By: Shane Lambert
Is there something wrong with dumping somebody on his or her birthday? What about breaking up on Valentine’s Day?
In answering these questions, I think that most people would feel that there are some times when you do not drop a bomb on a relationship. Whether that’s right or wrong is one matter. But in the name of being considerate, perhaps decency dictates picking an appropriate time for ending a relationship whenever such a consideration is possible.
On that matter, we’re talking about a short story of course — this is a short-story website. I had a back and forth with fellow Indy-writer Lia Fairchild this week, therein discussing her eBook “Home for Christmas.” Described as a “holiday romance short” the story tells of two people who have “intertwined” fates, perhaps reminding literary fans out there of the famous “star-crossed lovers” Romeo and Juliet. One situation in the novel is the question of Christmas-time relationship-status changes. Would you drop the bomb on Christmas Day?

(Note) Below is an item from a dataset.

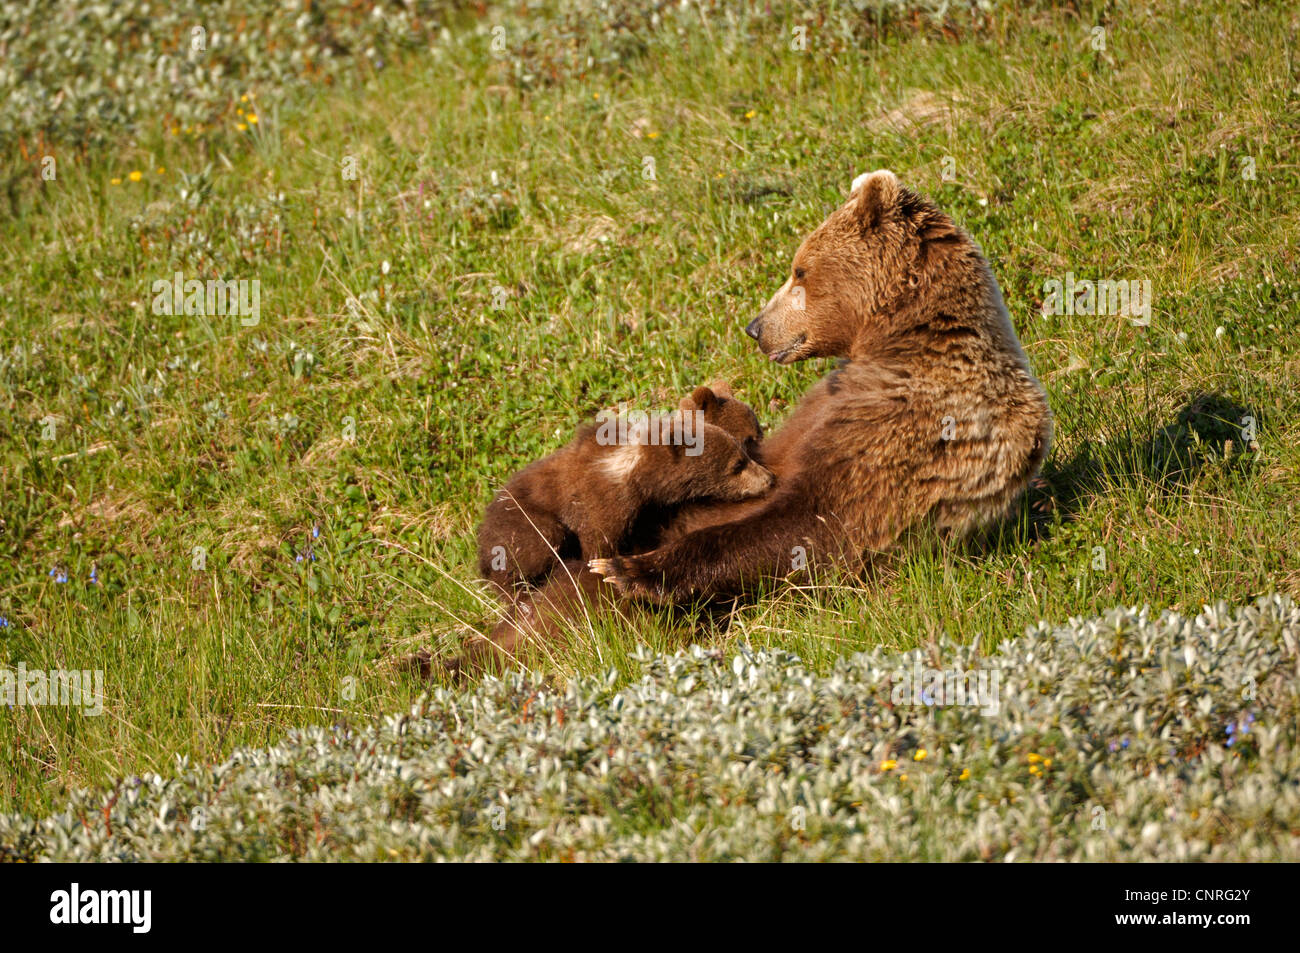 brown bear, grizzly bear (Ursus arctos horribilis), sucklings twins, USA, Alaska, Denali Nationalpark Stock Photo

Fairchild’s publication features Ali and Stephen, two people in need of “a real Christmas miracle,” a miracle that will have to be on the romantic side. My back-and-forth with the other is below.
Me, Shane Lambert: “Can we start with a technicality? The line between a short story and a novella is a blurry one. Amazon says your ‘Home for Christmas’ is 61 pages in length and it’s also in the 90-minute category for reading time. We are a short-website here at short-stories-online.com, would you call “Home for Christmas” a short story or novella? Did you start with a short story in mind but then found yourself wanting to carry on? Or did you just write it and stop when you felt it was complete?”
Lia Fairchild: “I just had an idea for a story and then started writing. But I knew it wouldn’t be a full-lengthed book. I actually still consider it a short story. Most authors I’ve talked to consider a novella to be at least 20,000 words.”
Me, Shane Lambert: “Okay. While avoiding plot spoilers, the Amazon reviews — which are generally positive — make it clear that “Home for Christmas” deals with relationships. When it comes to ending relationships, does your book explore this often difficult thing to do with a reference to the Christmas-time setting? It seems there would be a contrast between the joy of the season and the grief of loving in vain, of being rejected. Does this come up?”
Lia Fairchild: “Yes, there are various relationships starting and stopping for different reasons. Most of this I wouldn’t want to give specifics on as they are key surprises in the story. I can say that one of my characters grapples with ending a relationship during the holidays because it’s that much harder for both the person initiating and the person who doesn’t want to leave the relationship. However, it was less about rejection and more about facing the holidays alone, dealing with the questions from family.”
Me, Shane Lambert: “On the marketing side, as an author writing a holiday romance, do you face any challenges of keeping the momentum going when it comes to sustaining a constant readership? No one wants Hallowe’en stuff in November, they say, — I’m wondering if anyone wants a Christmas-time setting in their fiction reading after Christmas is over.”
Lia Fairchild: “It seems like the kind of eBook that would be popular at Christmas time but not so popular again after that and then not popular for most of the year. That’s true. I wasn’t worried about it as the story originated for a group anthology project and I now I typically just promote it during November and December.”
Me, Shane Lambert: “From reading the preview, it looks like you employ a third-person narrator? Is it omniscient as well? Which of your characters’ heads do you reveal the most about in the narration?”
Lia Fairchild: “Third person, yes. Omniscient, no. It’s a dual point-of-view swapping between a male and female character. I don’t like to head hop as a writer and I don’t like it as an editor either.”
Me, Shane Lambert: “Lastly, I know you are based in Southern California. Where is ‘Home for Christmas’ set?”
Lia Fairchild: “Oddly enough, I don’t remember. I wrote the story years ago and just wanted a wintery Christmas feel. I do have a few books set in Southern California, though.”
Me, Shane Lambert: “Well, I’ll assume it’s set where I live, here in the Canadian Rockies where we do get the wintery setting. Thank you for your time and I hope you continue to enjoy success with your writing career.”